Товарищ Шакьямуни в гражданскую войну
Сражался в рядах
Красной Армии!
Товарищ Шакьямуни
Был пролетарий,
Льнул к народу всей душой,
От малого до старого.
Товарищ Шакьямуни был председателем
Наркома!
Он боролся с коррупцией.
Недобитки царизма заставляли страдать его.
Он даже был знаком
Лично
С товарищем Крупской!
Товарищ Шакьямуни во время партсобрания
Вдруг встал и улыбнулся как-то странно,
И, когда в зале воцарилось молчание,
Он встал
И ушел
В Нирвану…
* * *
разучился отвечать впопад
и не манит ни строка, ни стропа
мир неловок стал, неуклюж
и нет разницы, куда наступать
когда сплю – снится мне, что я сплю
бодрствую – ничего не ловлю
верх и низ – одно. я упал,
будто лист, в одну из зеркальных луж
* * *
остаться, удержаться, ухватиться,
ногтями ли, зубами, криком ли,
или сорваться золотистой птицей –
не золотой, а только золотистой –
и ринуться ко всем, кто уже прибыли.
назло всем тем, кто сосчитает прибыль
потόм, с кем ещё есть, чем расплатиться.
вот небеса подёрнулись и скрипнули,
как пол под сапогом. моя ли, чья-то придурь
является толчком? нет, небо легче ситца.
держаться – глупо. не держаться – глупо.
я маленький. микроб. микроб под лупой.
* * *
Мне дали краски и альбом,
Но я забыл, что нужно делать.
Весь день сидел я за столом…
Оставил белым.
Мне дали жизнь и дали дух,
И время дали мне и тело.
Но я увидел лишь звезду
На небе белом.
И белый-белый я пошел
Ходить-бродить по белу свету.
И так мне было хорошо
На свете этом,
Что если б дали мне опять
Альбом, карандаши и кисти,
То я не стал бы рисовать –
Оставил чистым
Искра
морось. серая морось. вялая.
как будто старушка дорогу домой потеряла,
как будто священник, допивший вино для причастия,
как будто сердце, которому биться бы чаще,
как будто мёртвый с живым говорят о счастье.
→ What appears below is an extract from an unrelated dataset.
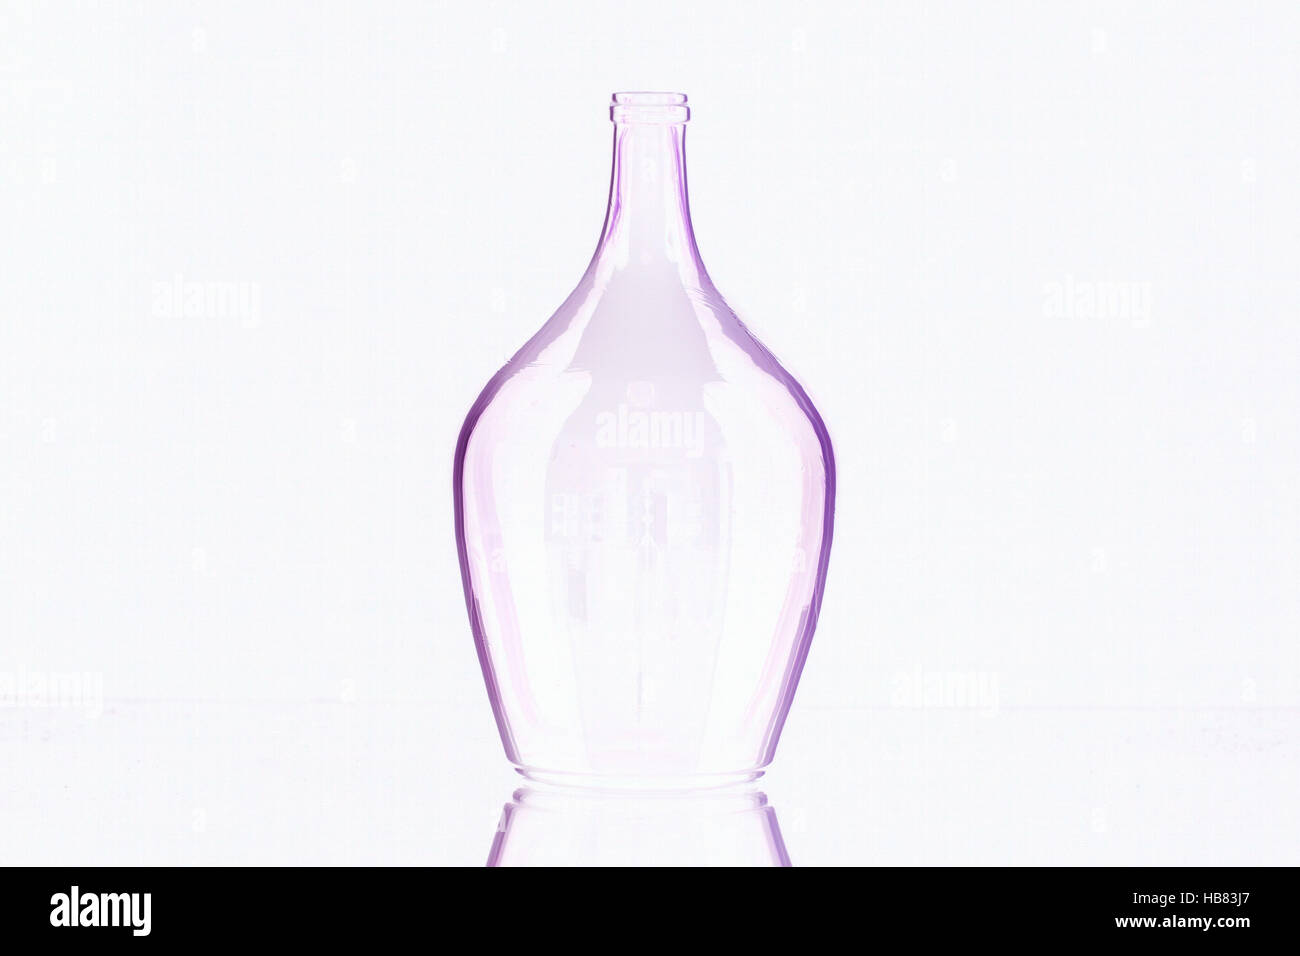 Silhouette of elegant old wine bottle on a glass desk Stock Photo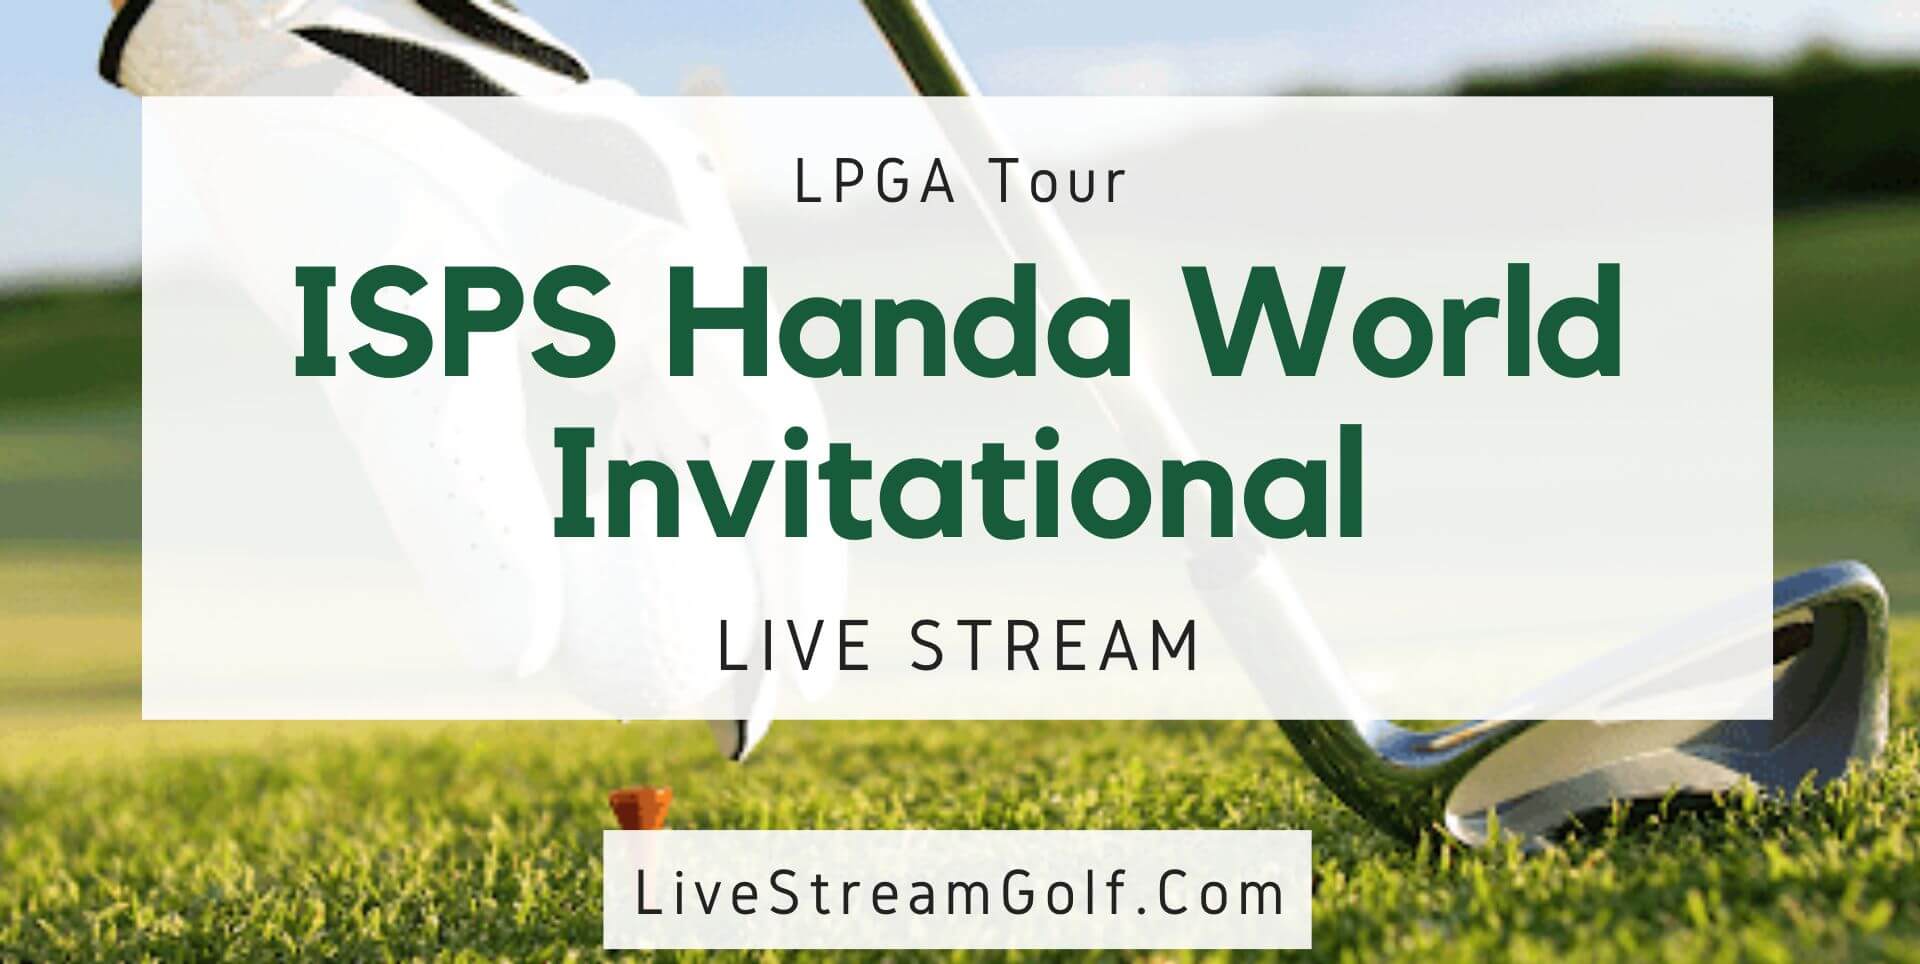 ISPS Handa World Invitational Day 3 Live Stream: LPGA Tour 2022

искра. желтая искра. слабая.
как будто отшельник гонится снова за славой,
как будто приказ глупый грести против ветра,
как будто письмо в насквозь промокшем конверте,
как будто мёртвый с живым говорят о смерти.
утро. странное утро. мёрзлое.
как будто ребёнок, что рано становится взрослым,
как будто время, тающее ненавязчиво,
как будто прошлое, переставшее быть настоящим.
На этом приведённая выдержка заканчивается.